To correct these problems, I added some edge-case checking; to check for array where there are no positive integers. As these really are edge-cases, I haven't decided how to handle these. As there technically isn't a clear "first missing positive number". If I would have handled 7 8 9 as return 1 then I would have returned 1 for these edge cases also, but I feel that wouldn't be expected behavior from this algorithm so therefore I decided to throw an exception.

The new code is:

public int simonNew(int[] array) {
 boolean[] foundIntegers = new boolean[array.length];
 int smallestPositive = Integer.MAX_VALUE;
 for (int i : array) {
 if (i > 0 && i < smallestPositive)
 smallestPositive = i;
 }
 if (smallestPositive == Integer.MAX_VALUE)
 throw new IllegalArgumentException("Array must not be null and must contain at least one positive integer");
 for (int i : array) {
 if (i < smallestPositive)
 continue;
 int index = i - smallestPositive;
 if (index < foundIntegers.length)
 foundIntegers[index] = true;
 }
 for (int i = 0; i < foundIntegers.length; i++) {
 if (!foundIntegers[i])
 return i + smallestPositive;
 }
 return foundIntegers.length + smallestPositive;
}

• \$\begingroup\$ Maybe 1 is a reasonable return value for a zero-length array. Maybe you should change the type to unsigned int instead of throwing if the input is negative. \$\endgroup\$

  ChrisW

  – ChrisW

  2014年03月08日 23:34:03 +00:00

  Commented Mar 8, 2014 at 23:34
• 1
  \$\begingroup\$ @ChrisW Java... unsigned int.... wait, what? :) There's no such thing \$\endgroup\$

  Simon Forsberg

  – Simon Forsberg

  2014年03月08日 23:37:11 +00:00

  Commented Mar 8, 2014 at 23:37

1. if (i > 0 && i < smallestPositive)
    smallestPositive = i;
   

   could be

   if (i > 0)
    smallestPositive = Math.min(smallestPositive, i);
   

   I think it's a little bit easier to read.
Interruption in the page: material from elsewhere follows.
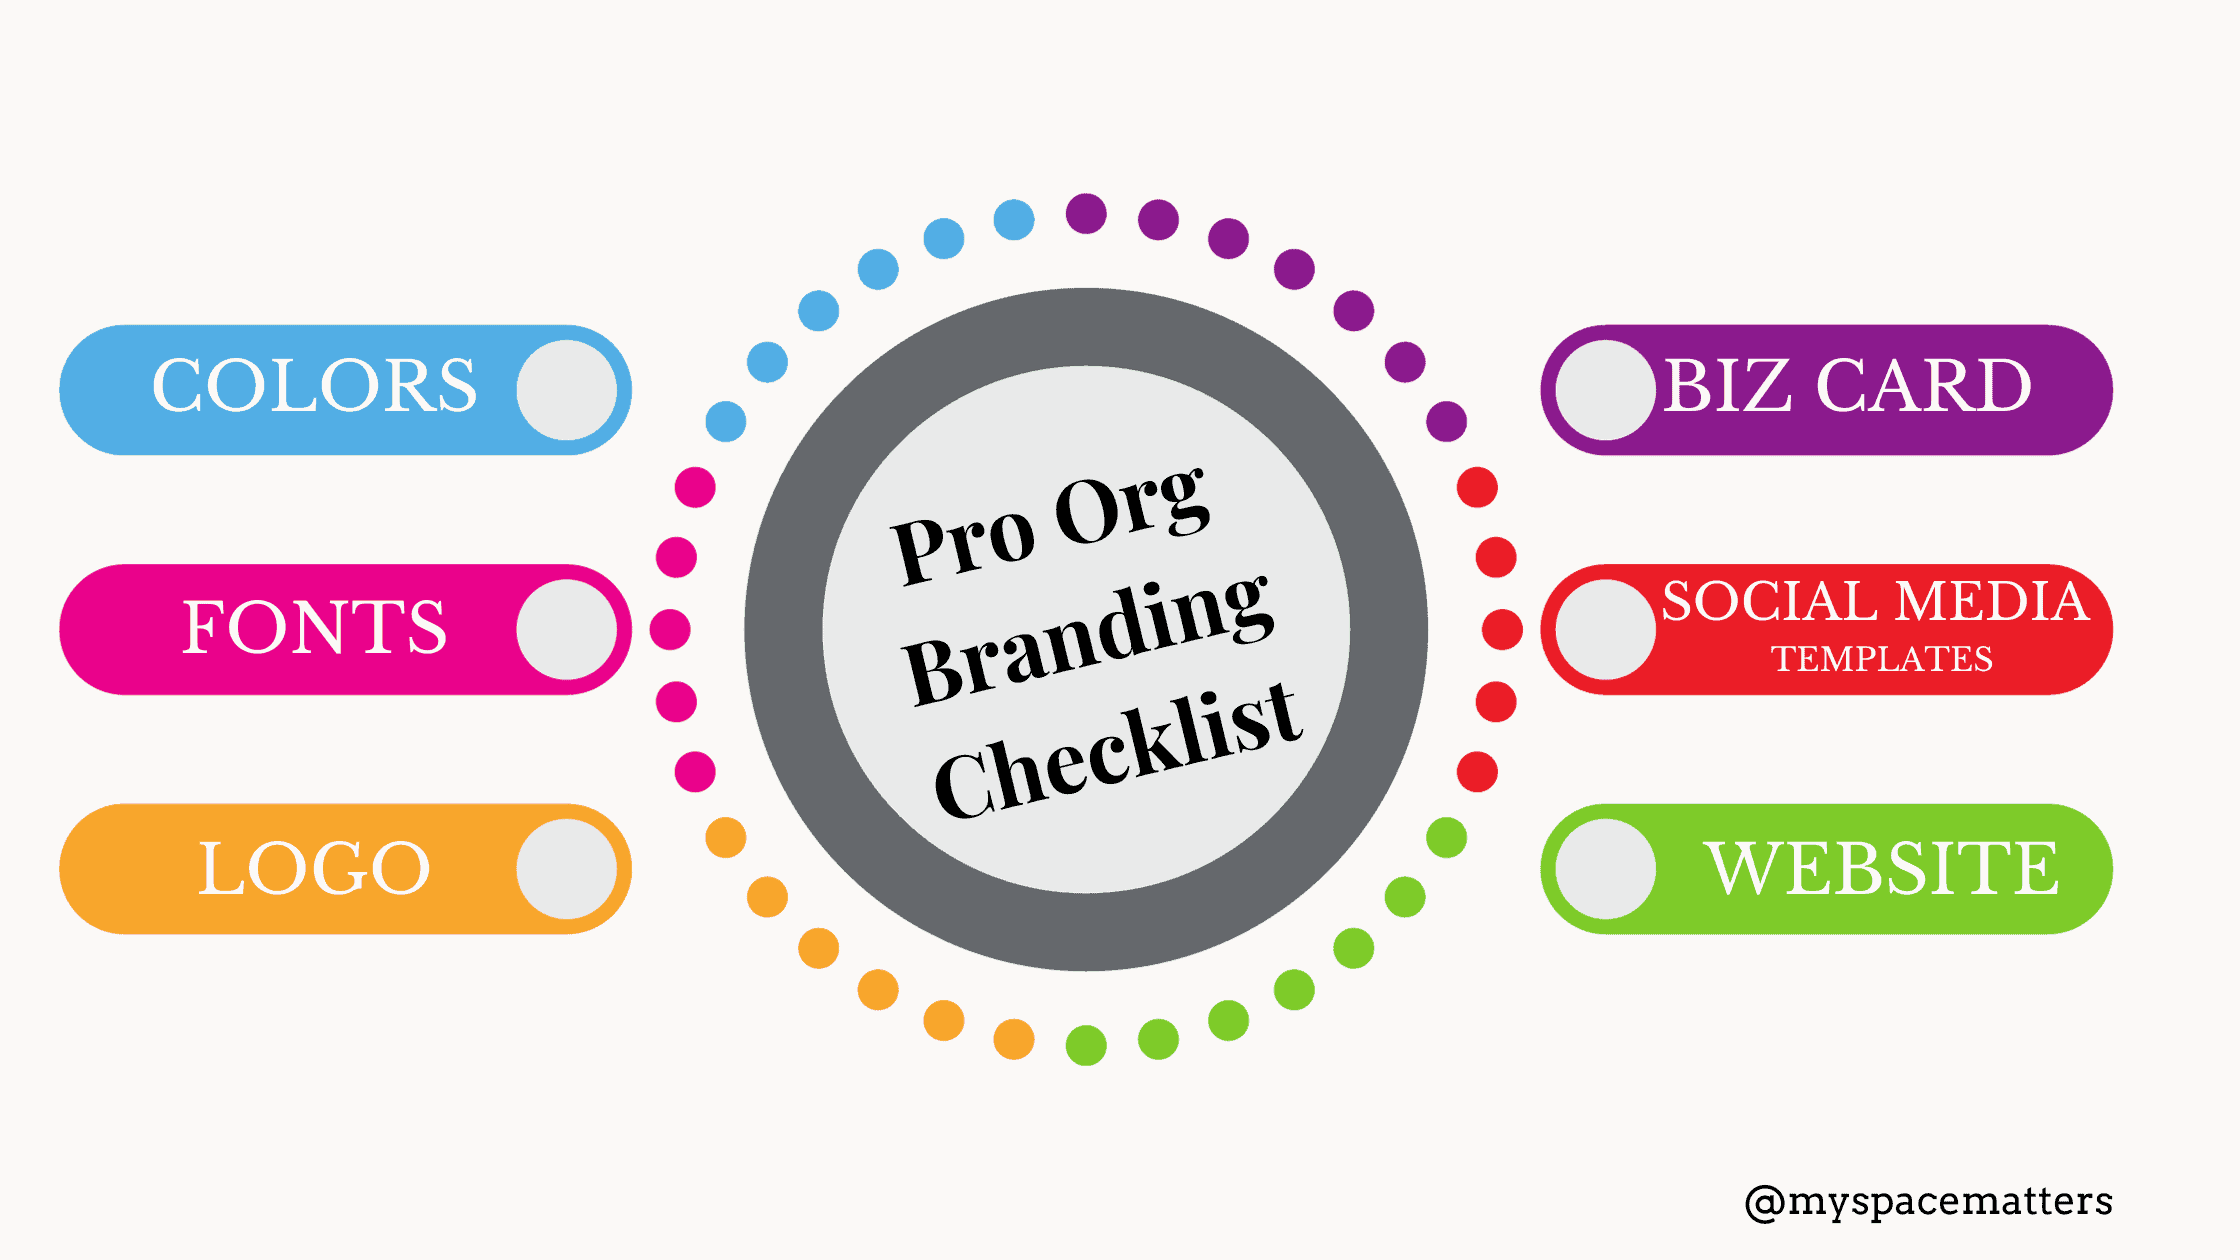 What is Branding? - Why is Branding important? - Get the Answers Here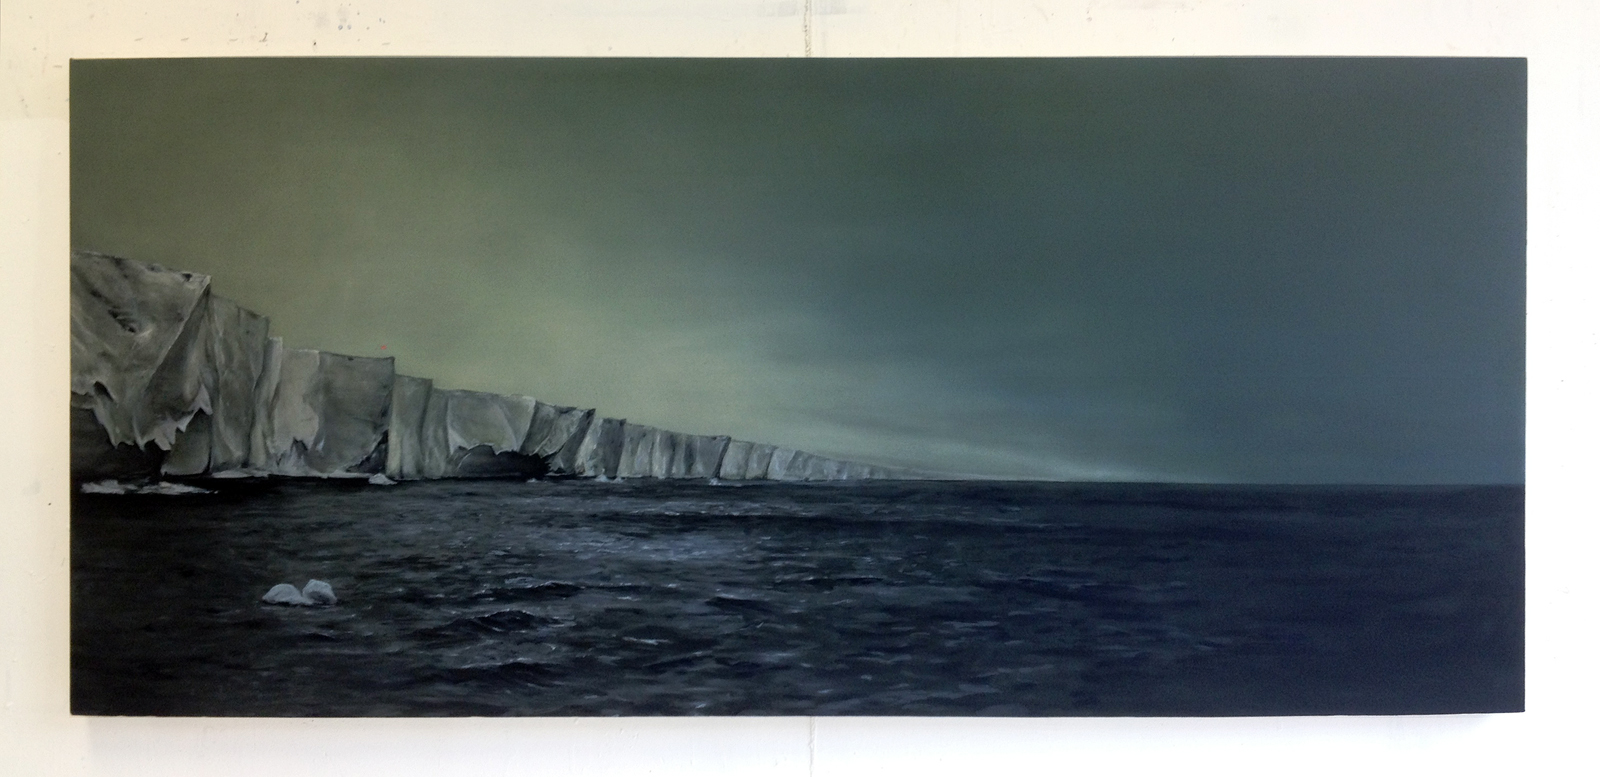   Conquest (Ice Shelf),  2012 Oil on canvas 32 x 72 inches

2. At work I'd use parametrized tests which help defect localization. Anyway, you could extract out a verifier method to remove some duplication:

   @Test
   public void test() {
    verifyMissingInt(3, 1, 2, 0);
    verifyMissingInt(4, 1, 2, 3);
    verifyMissingInt(2, 3, 4, -1, 1);
    verifyMissingInt(10, 7, 8, 9);
    verifyMissingInt(5, 3, 4, 2, 7, 6, 1);
    verifyMissingInt(5, 3, 4, 2, 7, 6, 1, -4);
   }
   private void verifyMissingInt(int expected, int... data) {
    assertEquals(expected, missingInt(data));
   }
   

   Unfortunately, every parameter is integer, so it's not easy to separate expected output from input data. Two other ways:

   verifyMissingInt(3, new int[] { 1, 2, 0 });
   

   and

    verifyMissingInt(3, array(1, 2, 0));
   

   with

   private int[] array(int... data) {
    return data;
   }
   

• 1
  \$\begingroup\$ Never knew that varargs can be changed into an array. +1 for so cool testing technique. \$\endgroup\$

  Anirban Nag 'tintinmj'

  – Anirban Nag 'tintinmj'

  2014年03月09日 18:22:57 +00:00

  Commented Mar 9, 2014 at 18:22

It might be possible to solve this problem without using a bitfield or boolean array at all. In an interview, it's important to ask questions to clarify the requirements.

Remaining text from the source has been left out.